---
title: "Quickstart: entropy balancing with `ebal`"
author: "Jens Hainmueller"
date: "`r format(Sys.Date(), '%B %Y')`"
output:
  rmarkdown::html_vignette:
    toc: true
    toc_depth: 2
vignette: >
  %\VignetteIndexEntry{Quickstart: entropy balancing with ebal}
  %\VignetteEngine{knitr::rmarkdown}
  %\VignetteEncoding{UTF-8}
---

```{r, include = FALSE}
knitr::opts_chunk$set(
  collapse = TRUE,
  comment = "#>",
  fig.width = 7,
  fig.height = 4.5,
  dpi = 96
)
set.seed(20260504)
```

## What is entropy balancing?

Entropy balancing (Hainmueller 2012) reweights a control sample so that
its covariate moments match the treated group's, with weights staying
as close as possible to a base distribution (uniform by default) in a
maximum-entropy sense.
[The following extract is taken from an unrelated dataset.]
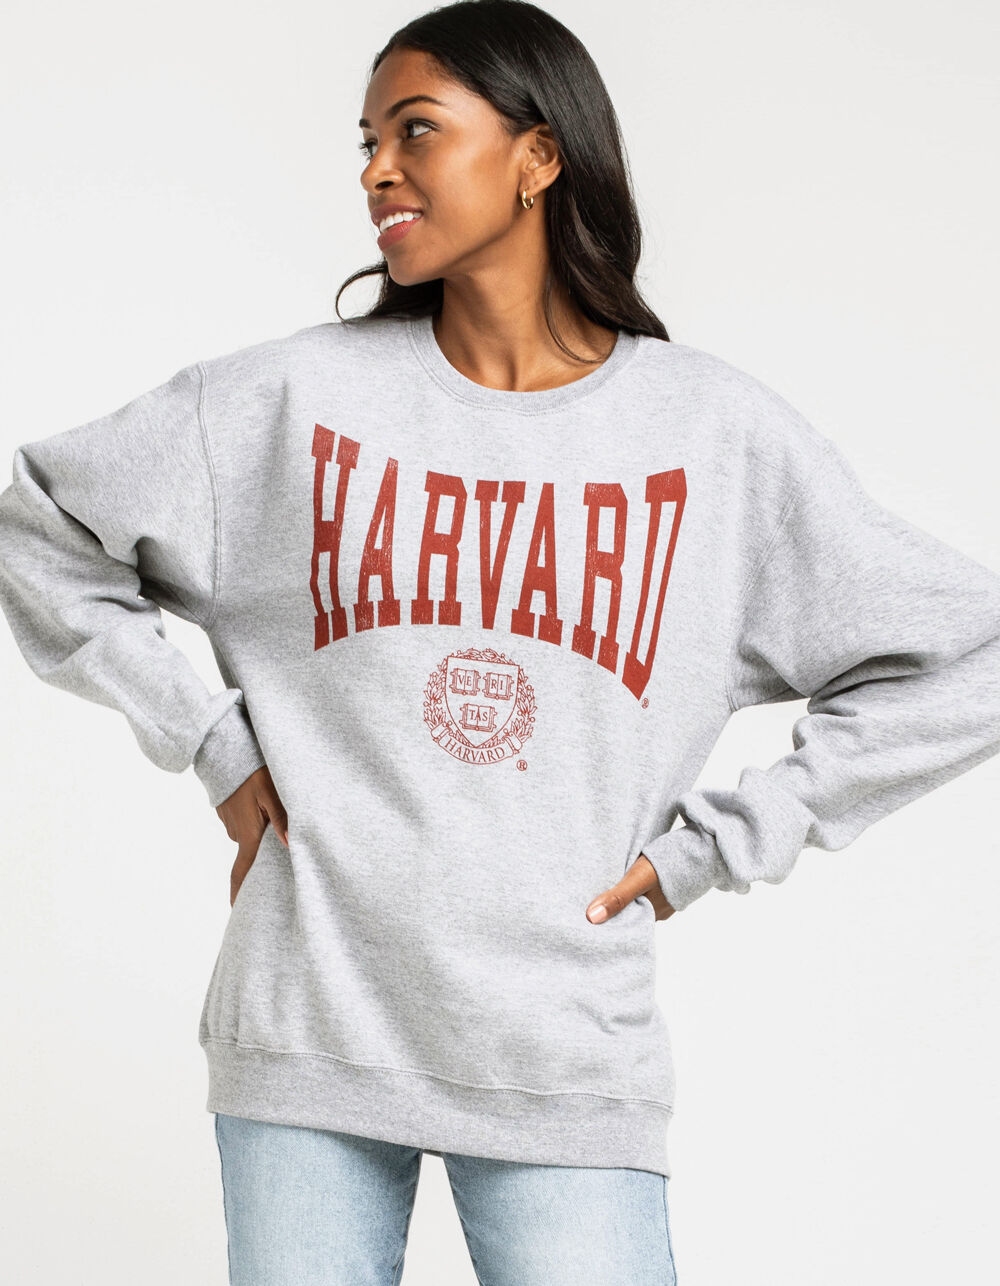 HARVARD Womens Crew Sweatshirt - HEATHER GRAY
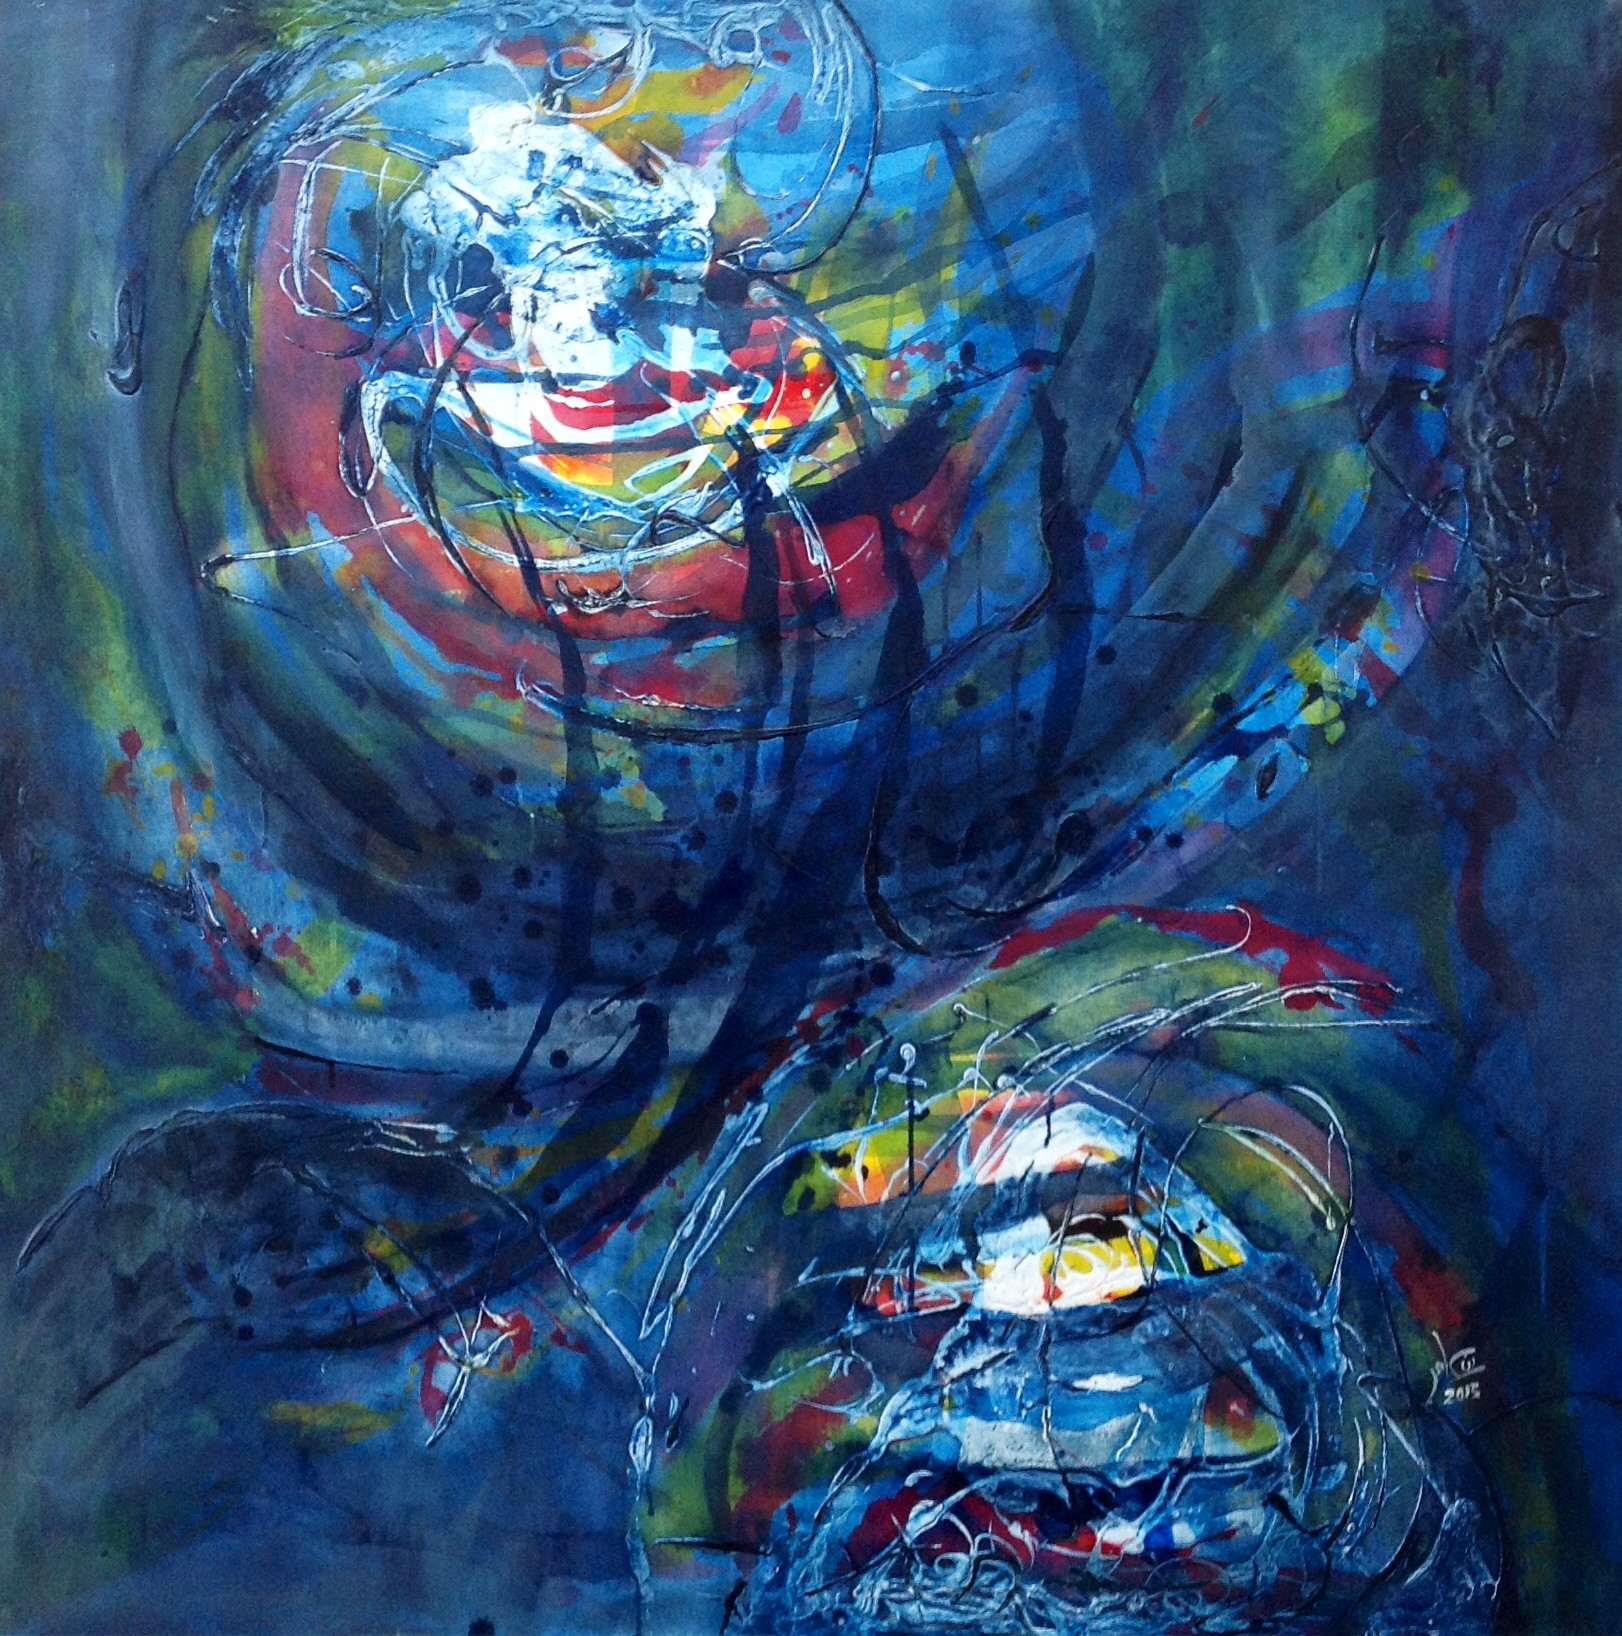 9. Cyclone. Acrylique sur toile. 110 x 110 cm 2015. JPG

The output weights drop directly into a
`lm(..., weights = w)` call to estimate the average treatment effect on
the treated.

This vignette shows the package's user-facing API on a small toy
dataset.

```{r setup}
library(ebal)
```

## A minimal example

```{r toy}
set.seed(20260504)
n0 <- 200; n1 <- 100
X <- rbind(
  replicate(3, rnorm(n0, mean = 0)),       # controls
  replicate(3, rnorm(n1, mean = 0.5))      # treated, shifted
)
colnames(X) <- c("x1", "x2", "x3")
treatment <- c(rep(0, n0), rep(1, n1))
```

Pre-weighting, the control means differ from the treated means
markedly:

```{r raw-balance}
treated_means <- colMeans(X[treatment == 1, ])
control_means <- colMeans(X[treatment == 0, ])
rbind(treated = treated_means, control = control_means)
```

## Fit

```{r fit}
fit <- ebalance(treat ~ x1 + x2 + x3,
                data = data.frame(treat = treatment, X))
fit
```

Either the formula interface above, or the matrix interface
`ebalance(Treatment = treatment, X = X)`, works. Both produce an
`ebalance` object with print / summary / plot / weights methods.

## Tidy output

```{r tidy}
# tidy() / glance() / augment() are registered against the generics in
# the `generics` package, which `broom` re-exports. Loading either
# makes the methods discoverable.
library(generics)
tidy(fit)
glance(fit)
```

`tidy()` is a per-covariate balance table. `glance()` is a one-row
summary including the Kish effective sample size and convergence flag.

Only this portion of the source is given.